Material provided:
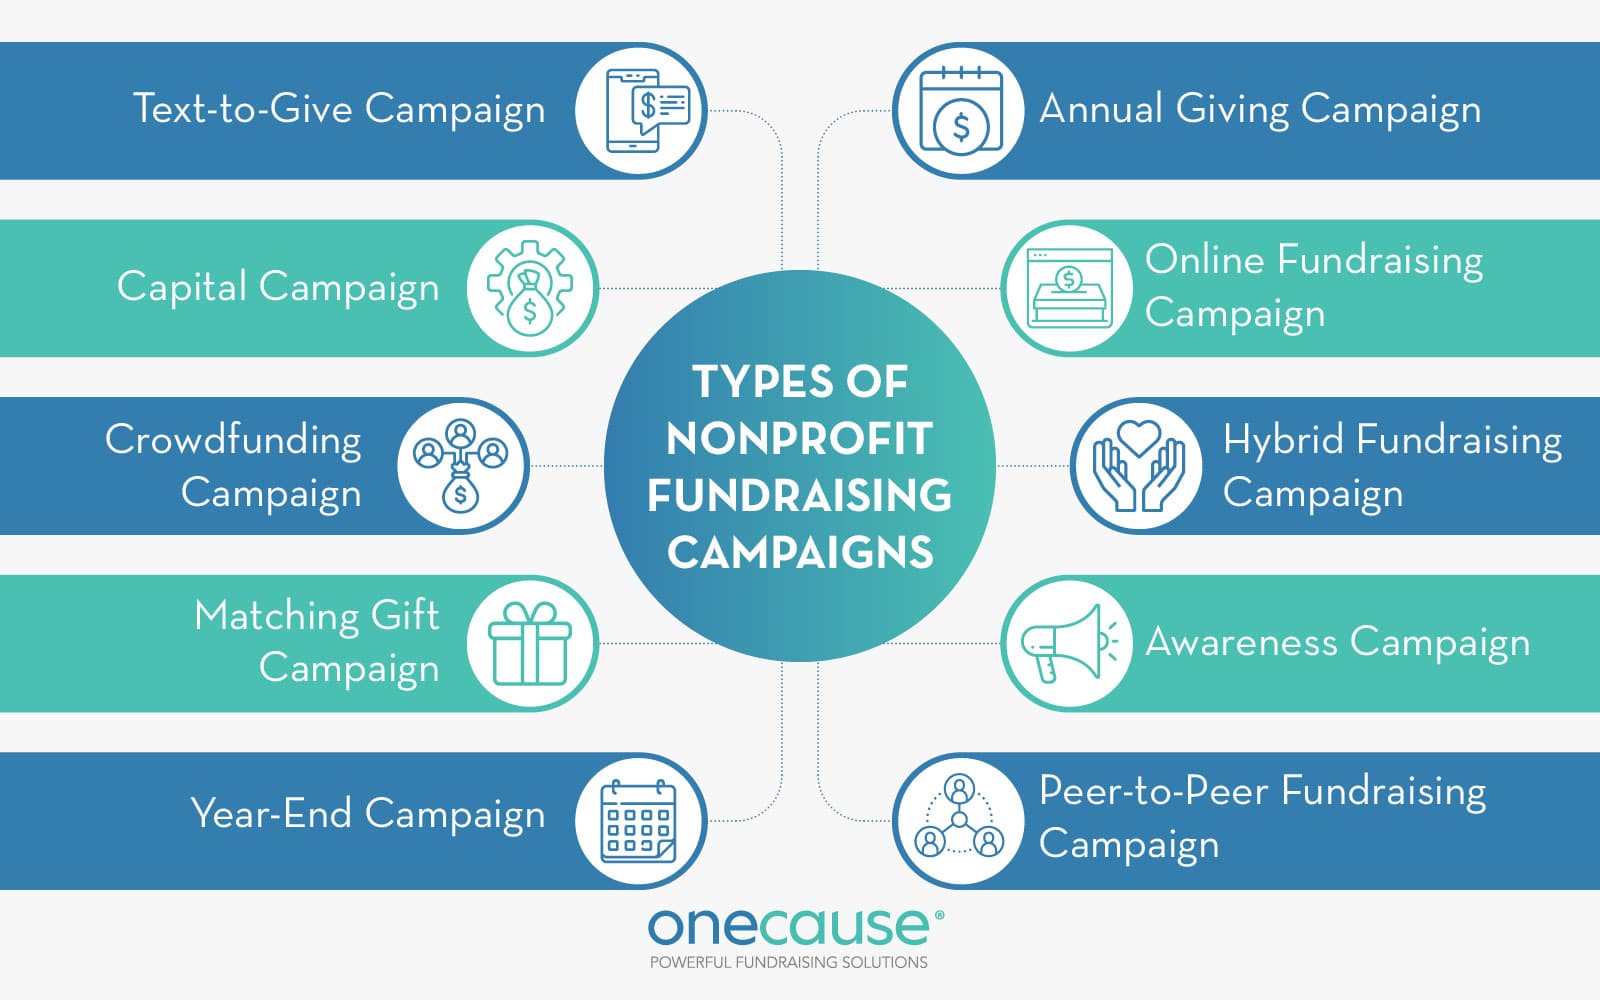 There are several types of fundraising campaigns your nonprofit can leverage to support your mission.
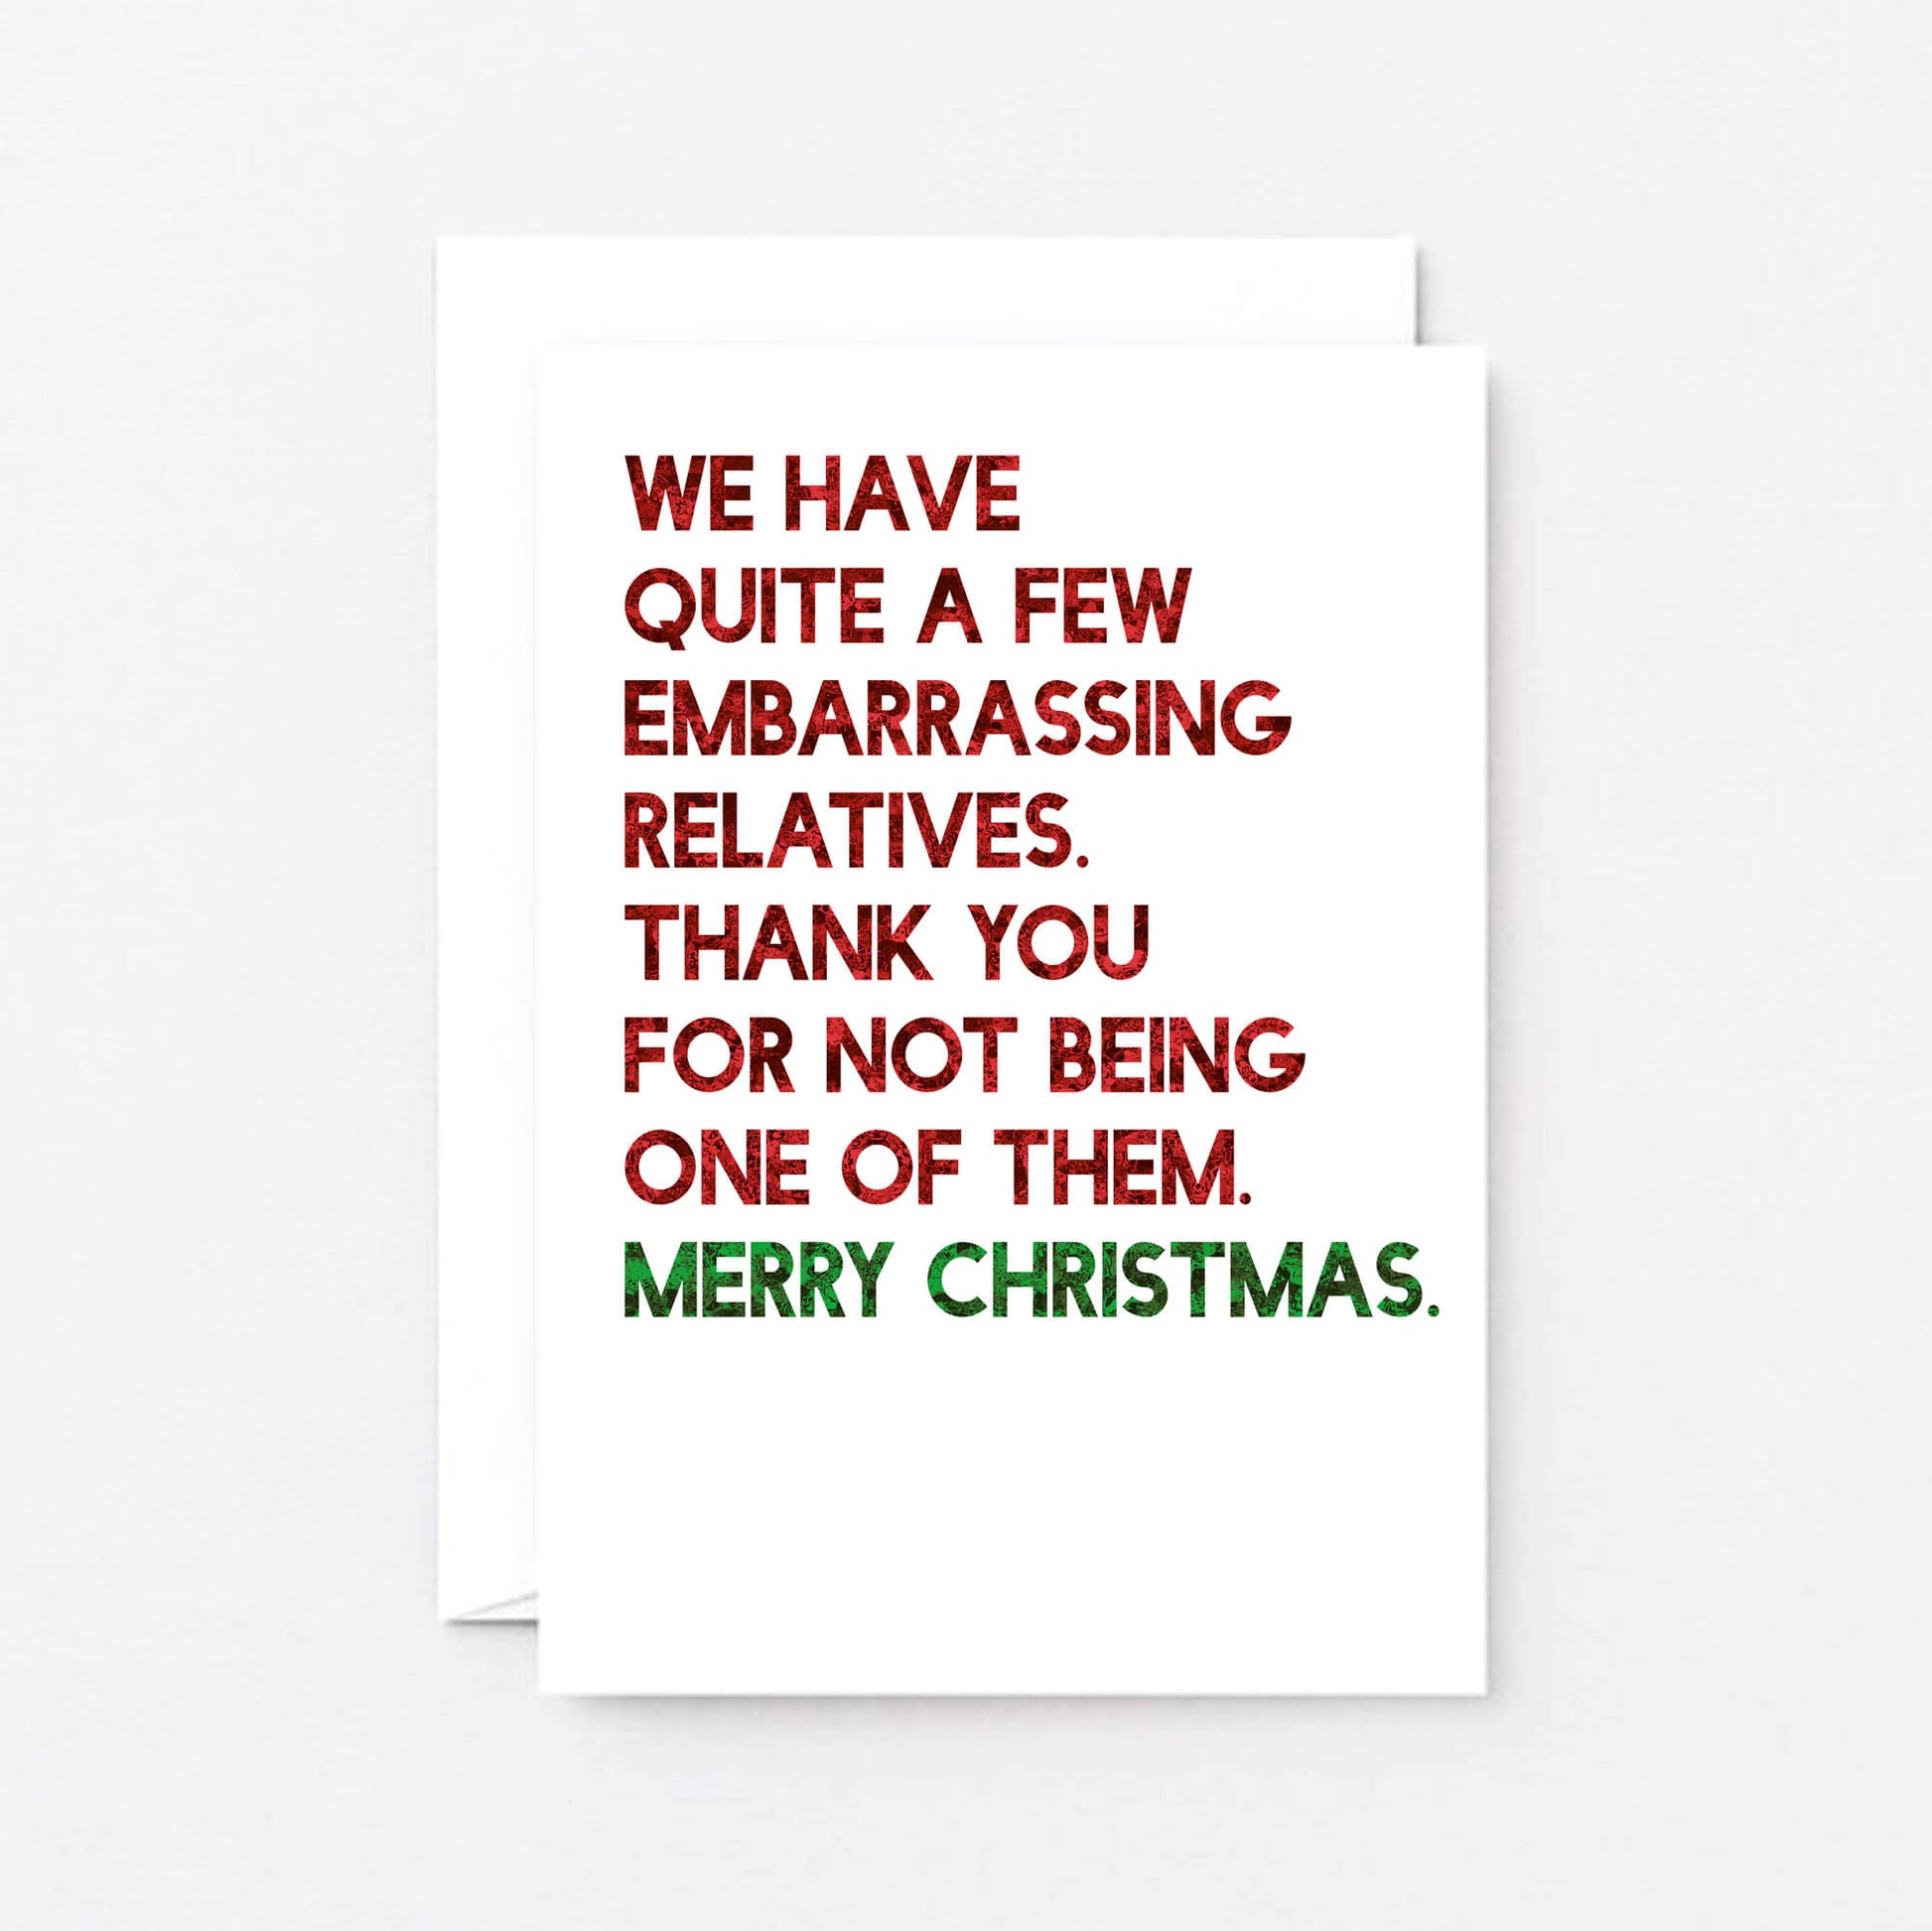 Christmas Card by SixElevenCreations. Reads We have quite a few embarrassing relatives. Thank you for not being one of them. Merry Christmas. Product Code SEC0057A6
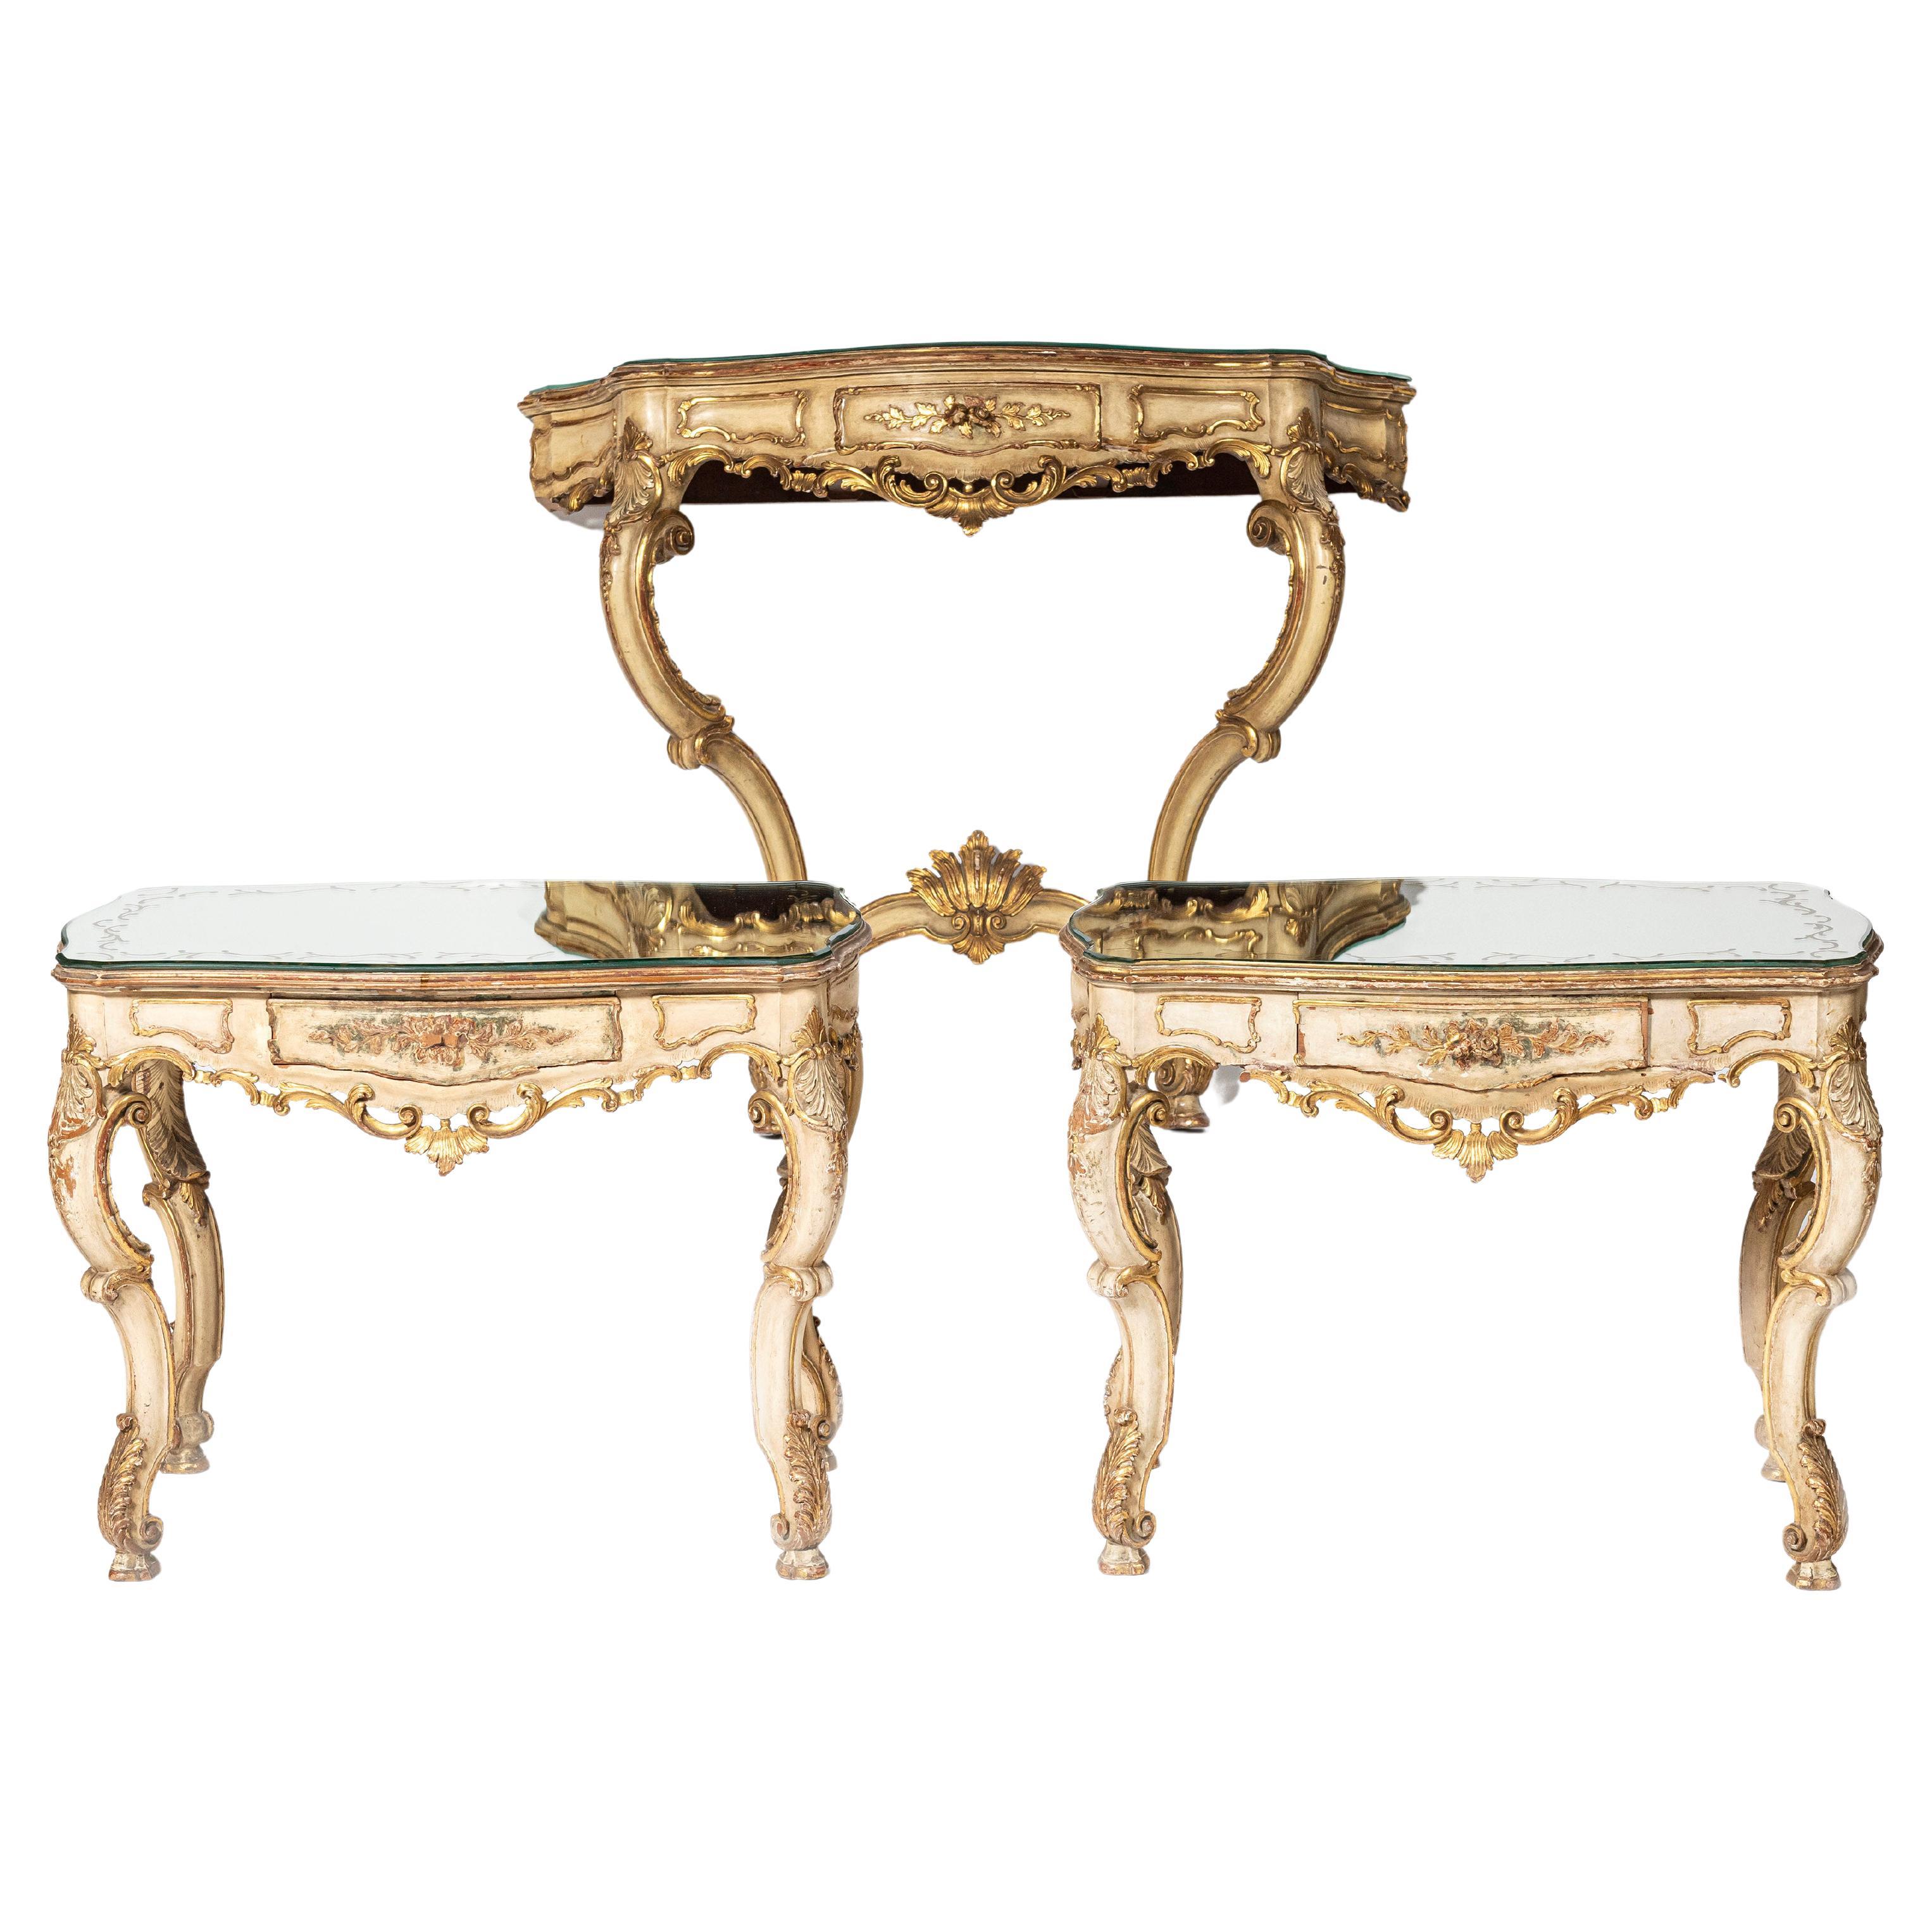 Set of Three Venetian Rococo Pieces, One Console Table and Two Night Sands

Activity:
Could you give the listing again exactly, minus its pictures?

Problem solution:
 There are several types of fundraising campaigns your nonprofit can leverage to support your mission.
 Christmas Card by SixElevenCreations. Reads We have quite a few embarrassing relatives. Thank you for not being one of them. Merry Christmas. Product Code SEC0057A6
 Set of Three Venetian Rococo Pieces, One Console Table and Two Night Sands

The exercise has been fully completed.